Foreignbody, I answered your post on the other thread.

sspc

Hello all,

I'm new to this forum as I was told about a abnormal mammogram last month. I have no lump but I do have calcifications to be biopsied. I'm waiting to schedule the procedure but the moment I heard about the titanium marker I knew I didn't want it. After researching the potential problems, I'm now sure I don't want it.(even if it is cancer)

The thing I don't get is why the marker is necessary. surely they can see where the cancerous cells were before taking the sample. why not just go back to the mammogram before the procedure and compare it with the post biopsy site? the area can be identified that way. or even if they take out a tumor, are they telling us that the tumor can't be seen unless they leave a marker? I don't get it.

I also have concerns about leaving a foreign thing in my body, especially in tissue (not bone). What are the ramifications 20 years from now? We are now just learning that it's possible the mammography might contribute to breast cancer. The thought is small doses of radiation over 20 years to the same area must have some effect on the cells. It's just logical.

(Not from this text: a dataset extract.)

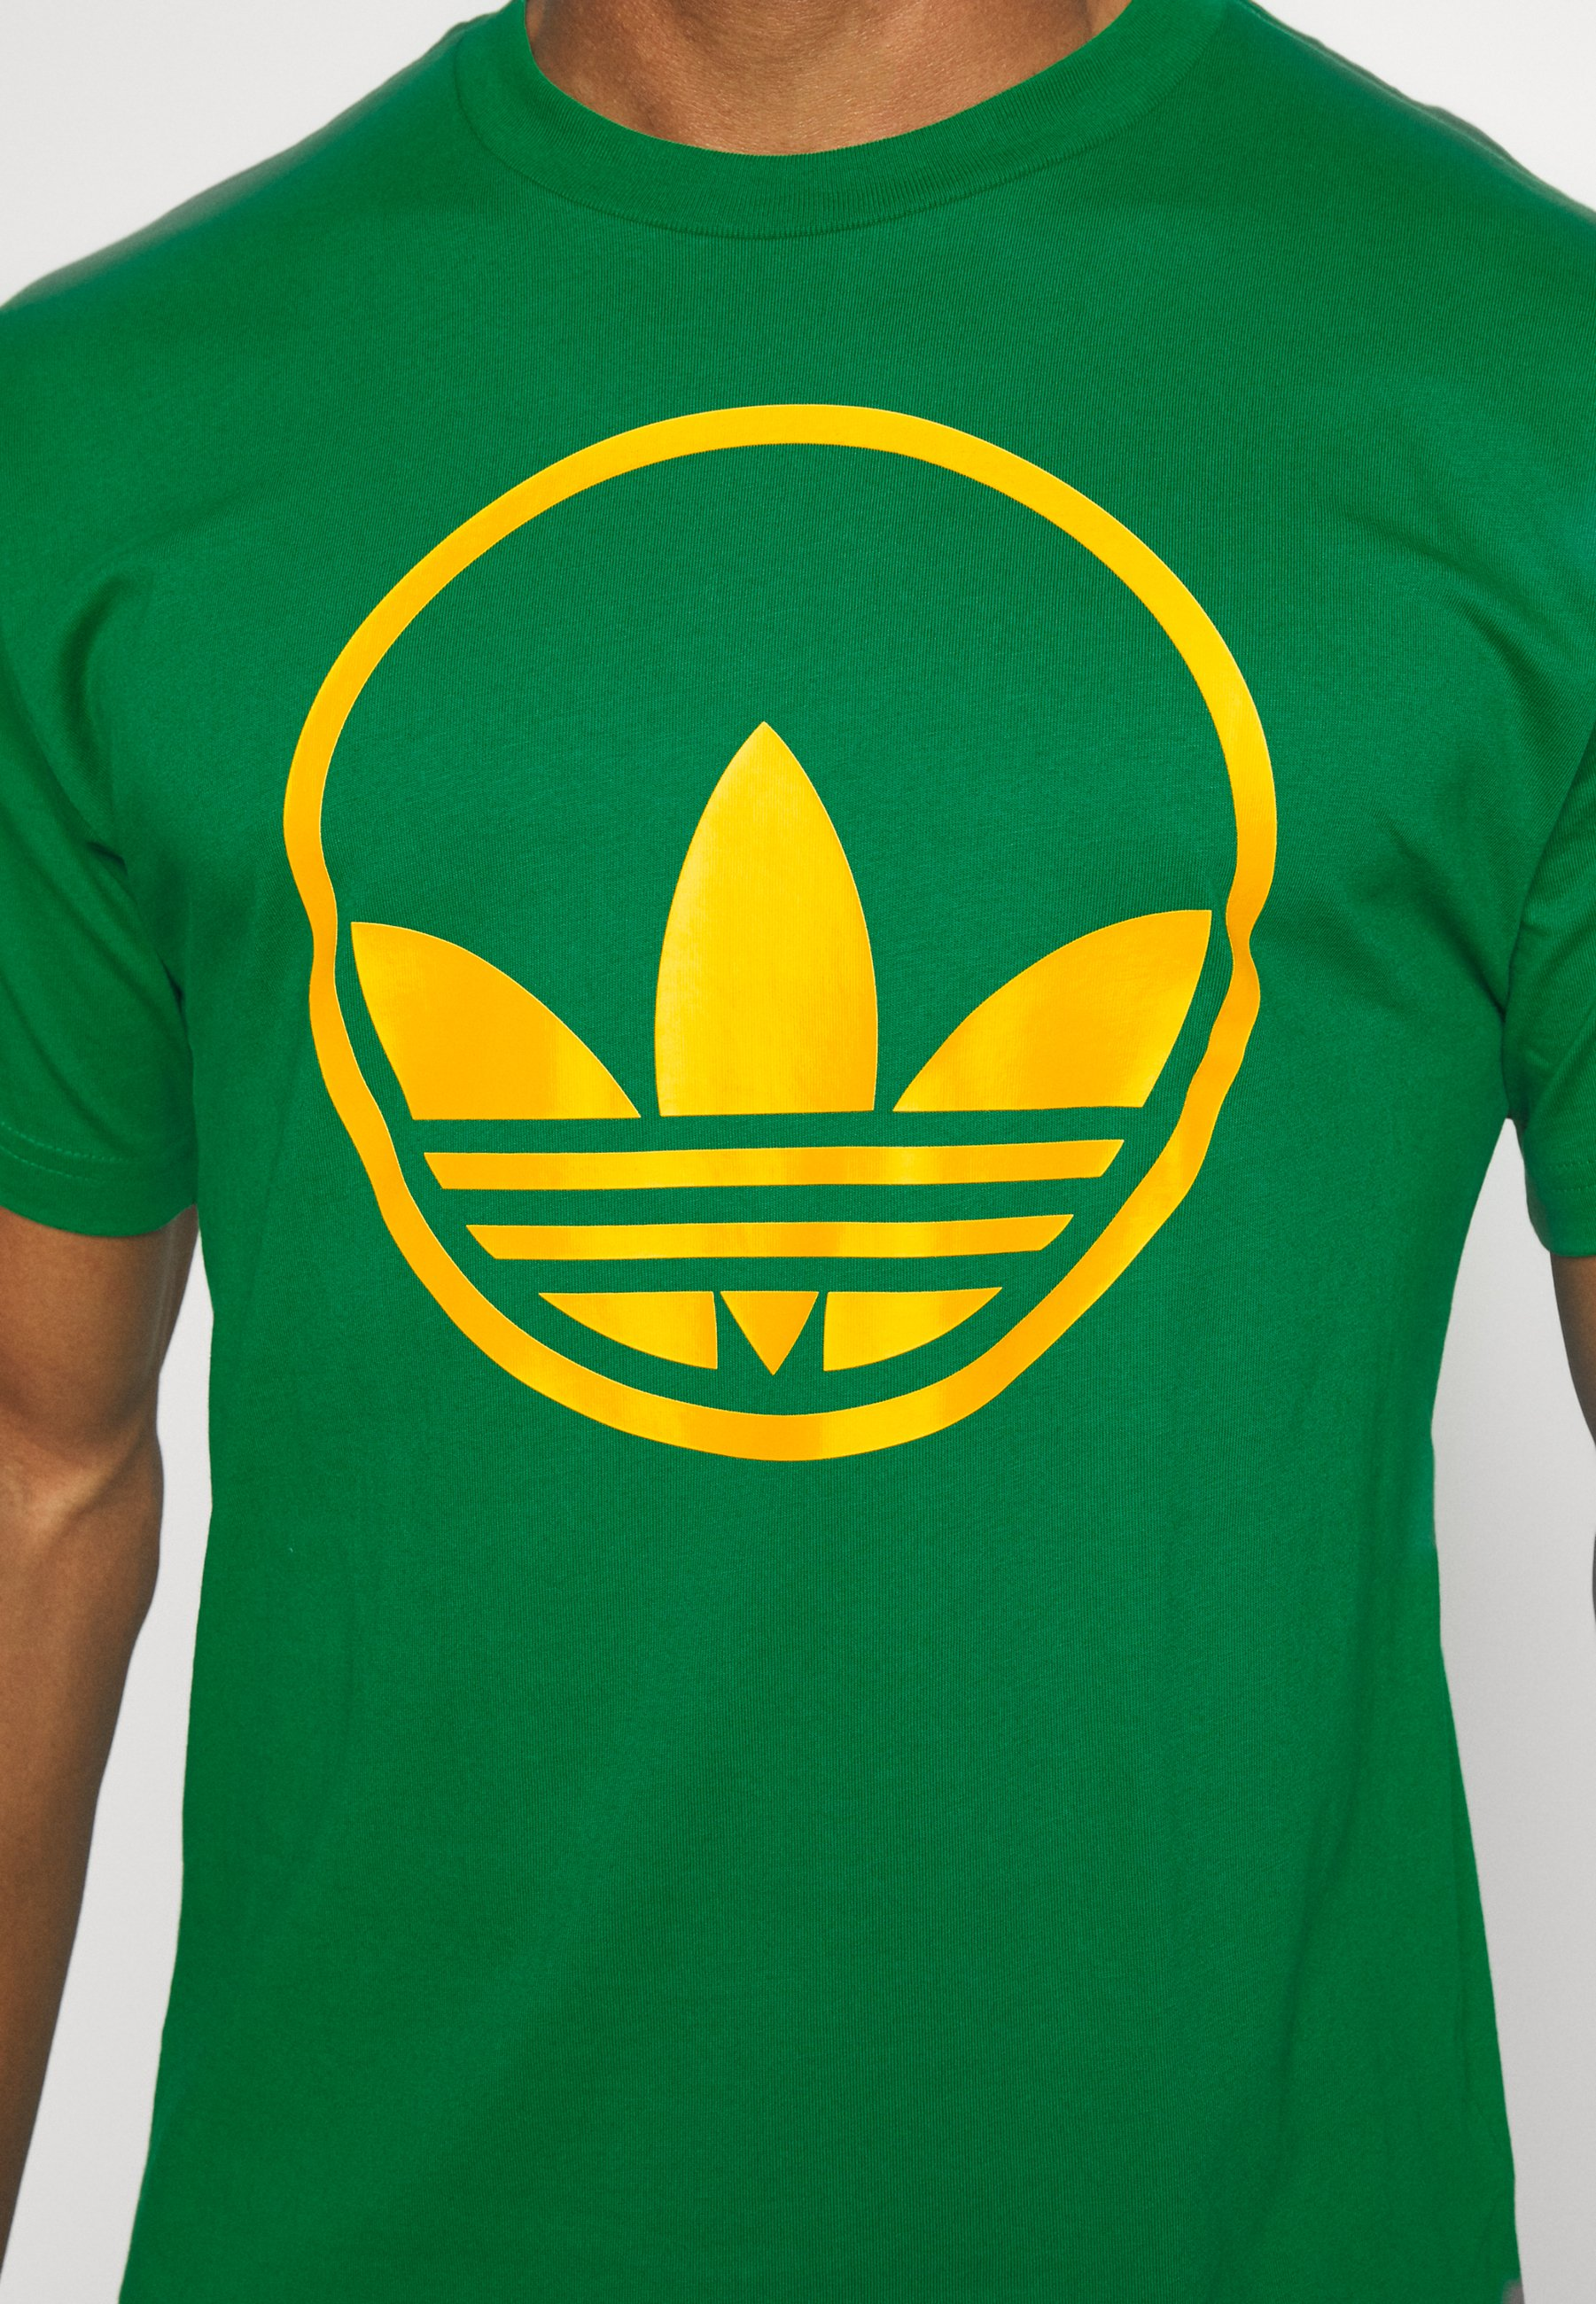 Adidas Originals Circle Trefoil - T-shirts Med Print Green/grønn

In my case, if these calcifications turn out to be cancerous, the surgery I plan to have is a full mastectomy and reconstruction. There is no way I will go through chemo and radiation. I watched my mother with this treatment, it was awful. So I have personal experience with it. You know I thought Angelina Jolie had an extreme response when she found out about the Brac gene. But now that I am facing a possible situation I can see her point. Remove all possible chance of cancer growing or returning by simply removing the tissue.

This is just my personal opinion for what I would do, I am in no way suggesting that anyone follow this recommendation.